==== Information shown ====

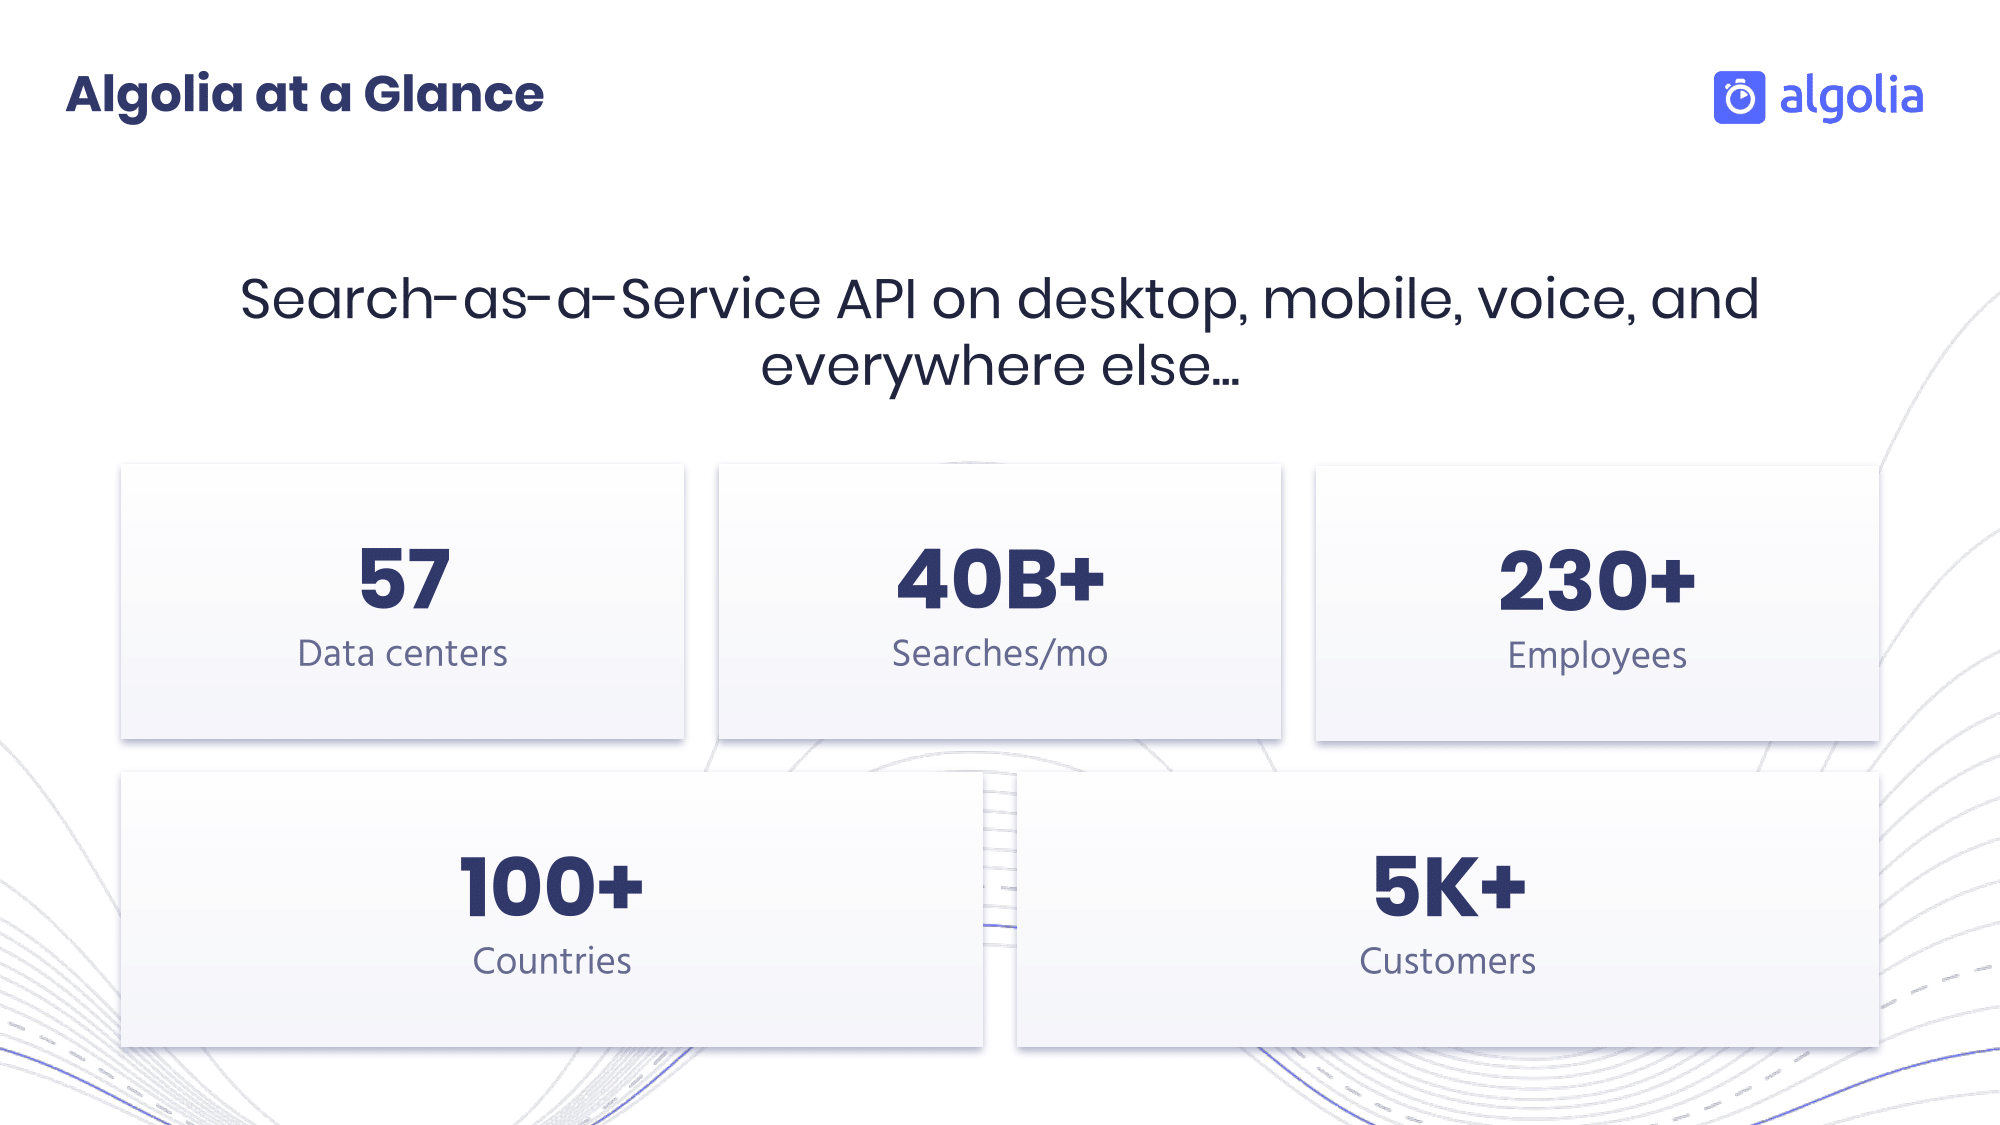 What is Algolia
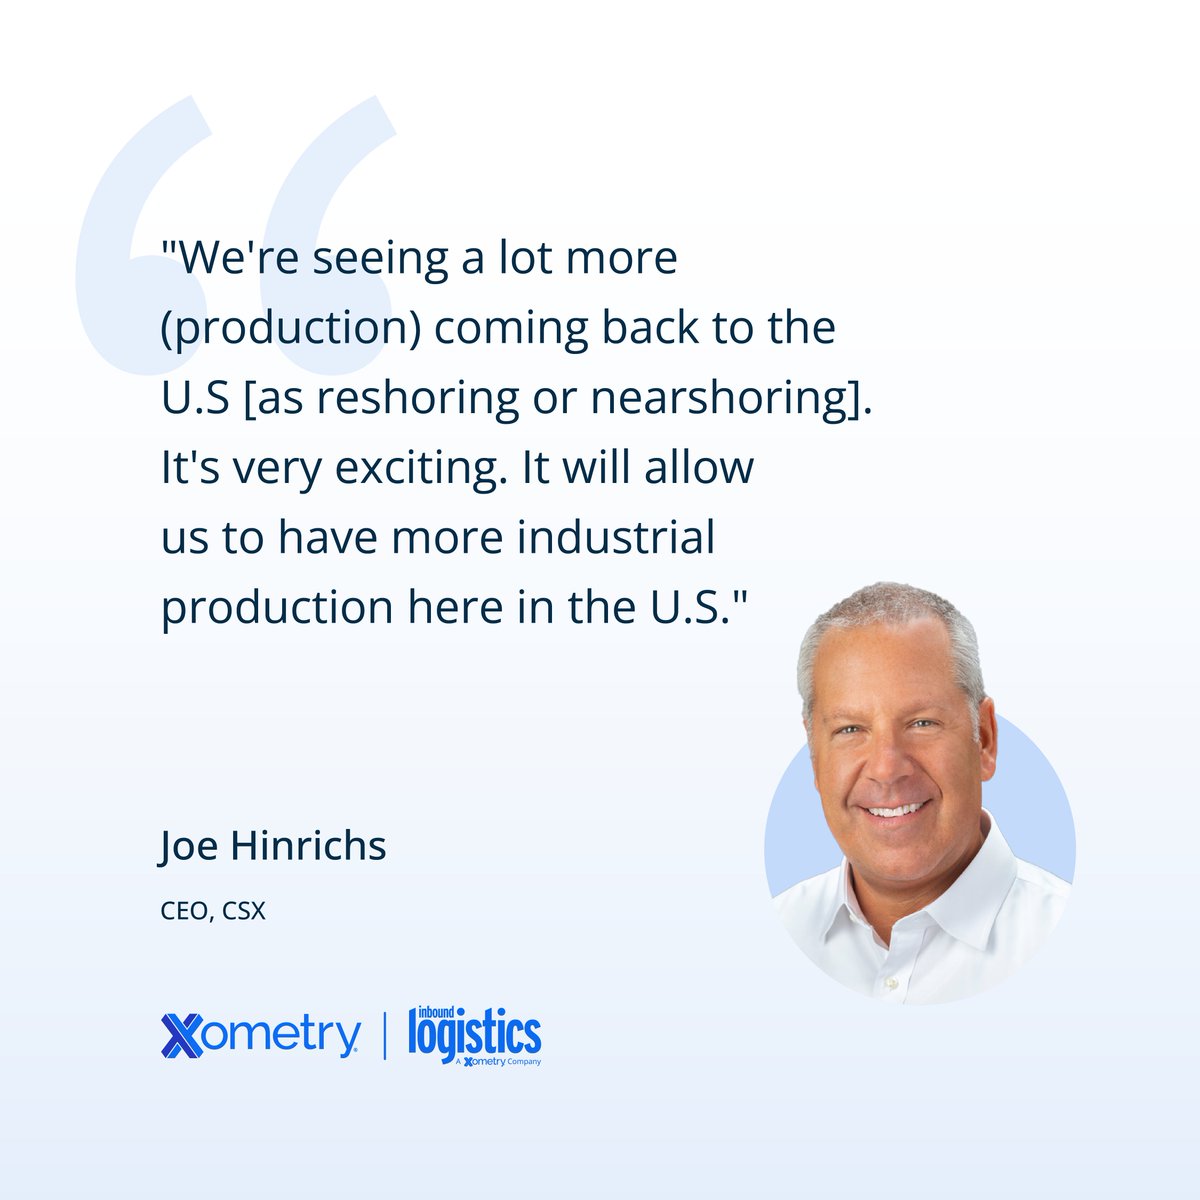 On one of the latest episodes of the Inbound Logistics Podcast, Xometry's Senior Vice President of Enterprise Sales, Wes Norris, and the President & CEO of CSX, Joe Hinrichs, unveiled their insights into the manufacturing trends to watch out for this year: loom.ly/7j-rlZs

====
==== Information shown ====

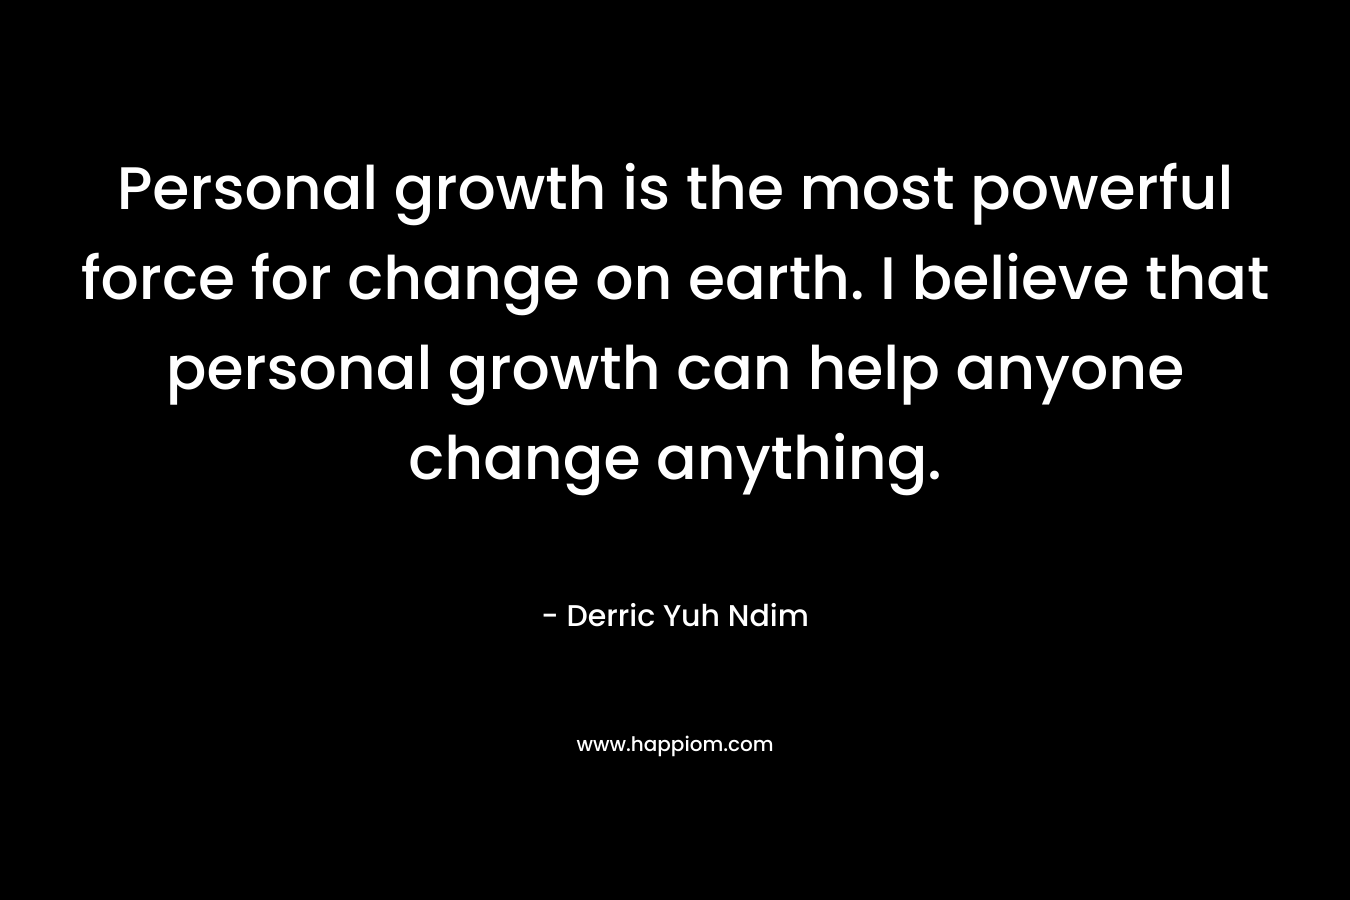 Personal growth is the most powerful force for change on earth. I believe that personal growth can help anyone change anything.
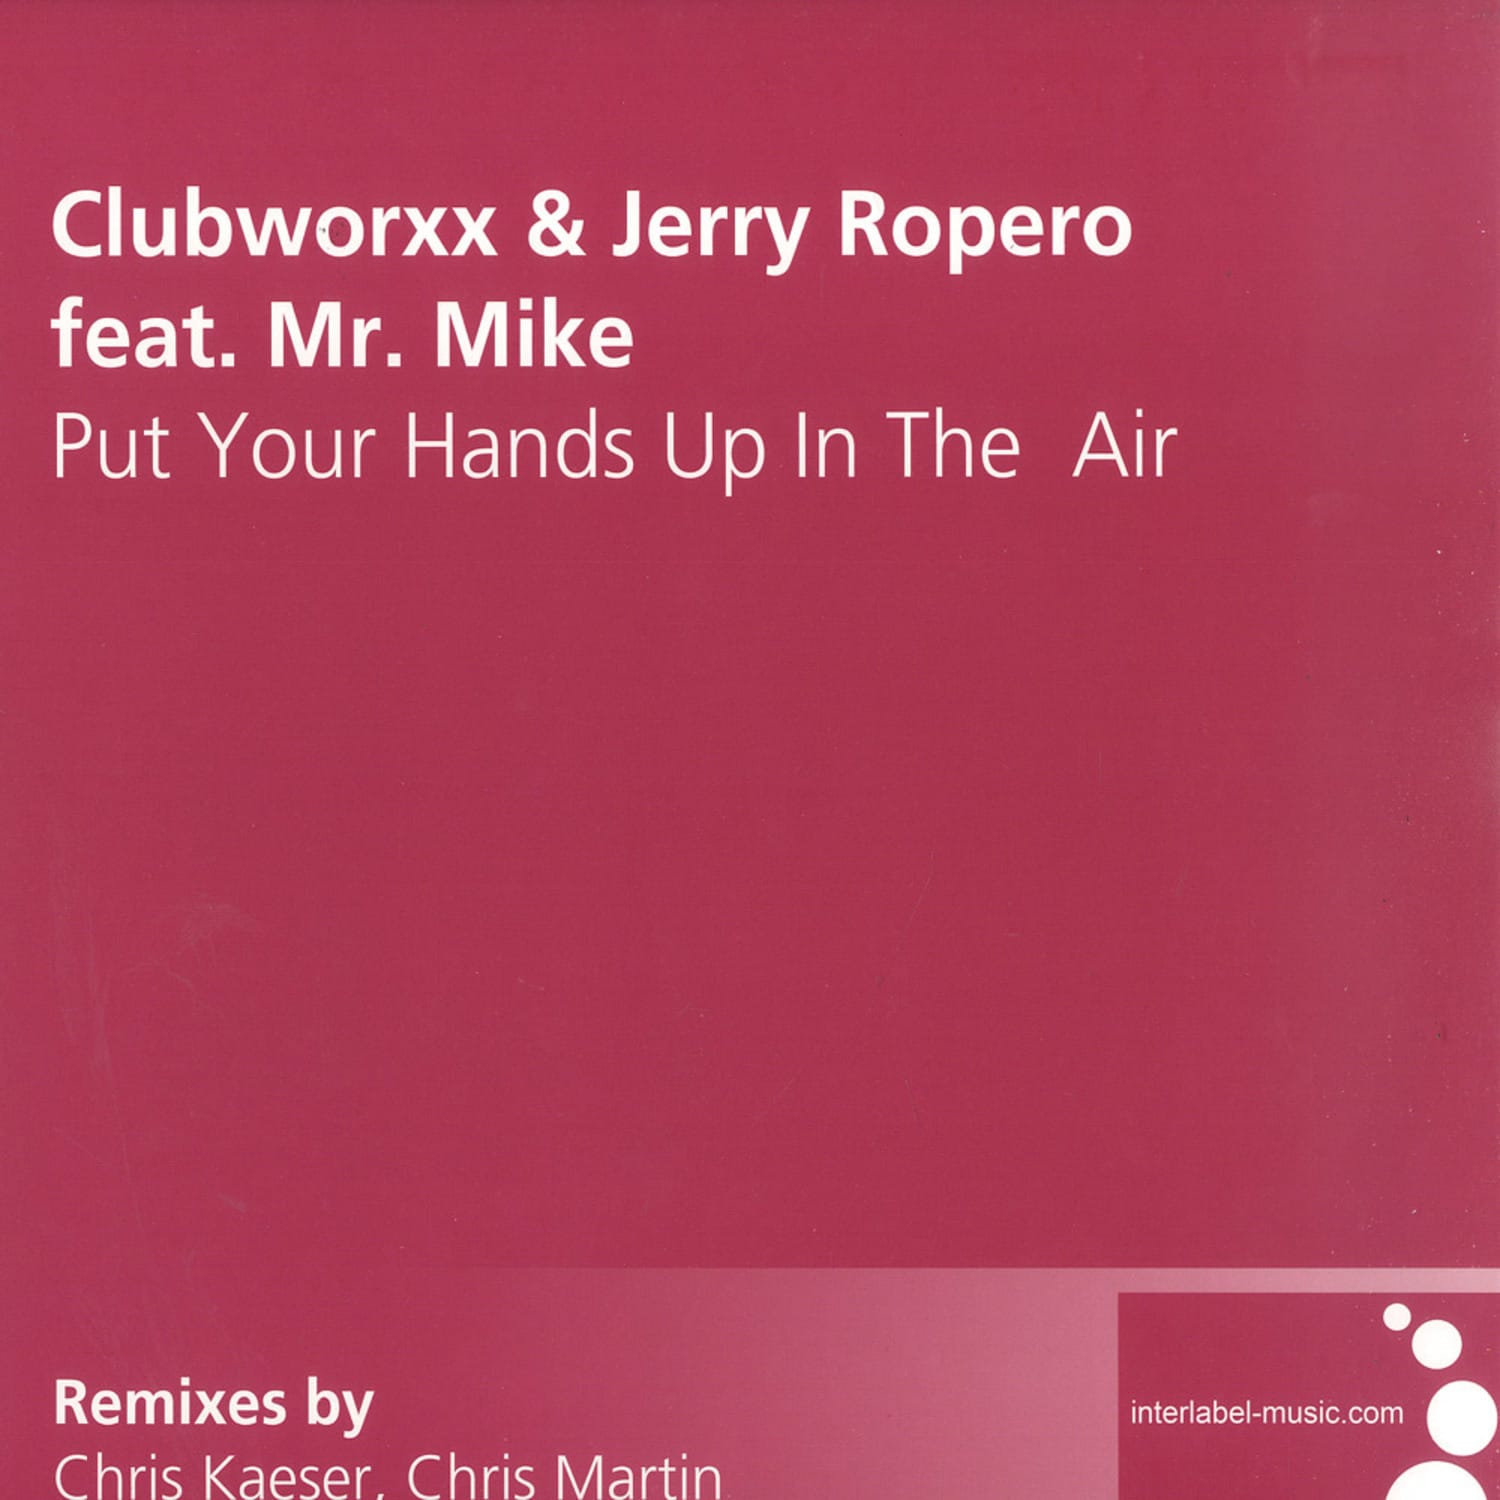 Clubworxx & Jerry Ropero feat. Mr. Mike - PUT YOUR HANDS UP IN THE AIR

====

Task goal: Within the listing above, print exactly the stretch beginning at the line that contains "What is Algolia" and finishing at the line that contains "On one of the", ends kept, pictures left out, and nothing more.

Task result:
 What is Algolia
 On one of the latest episodes of the Inbound Logistics Podcast, Xometry's Senior Vice President of Enterprise Sales, Wes Norris, and the President & CEO of CSX, Joe Hinrichs, unveiled their insights into the manufacturing trends to watch out for this year: loom.ly/7j-rlZs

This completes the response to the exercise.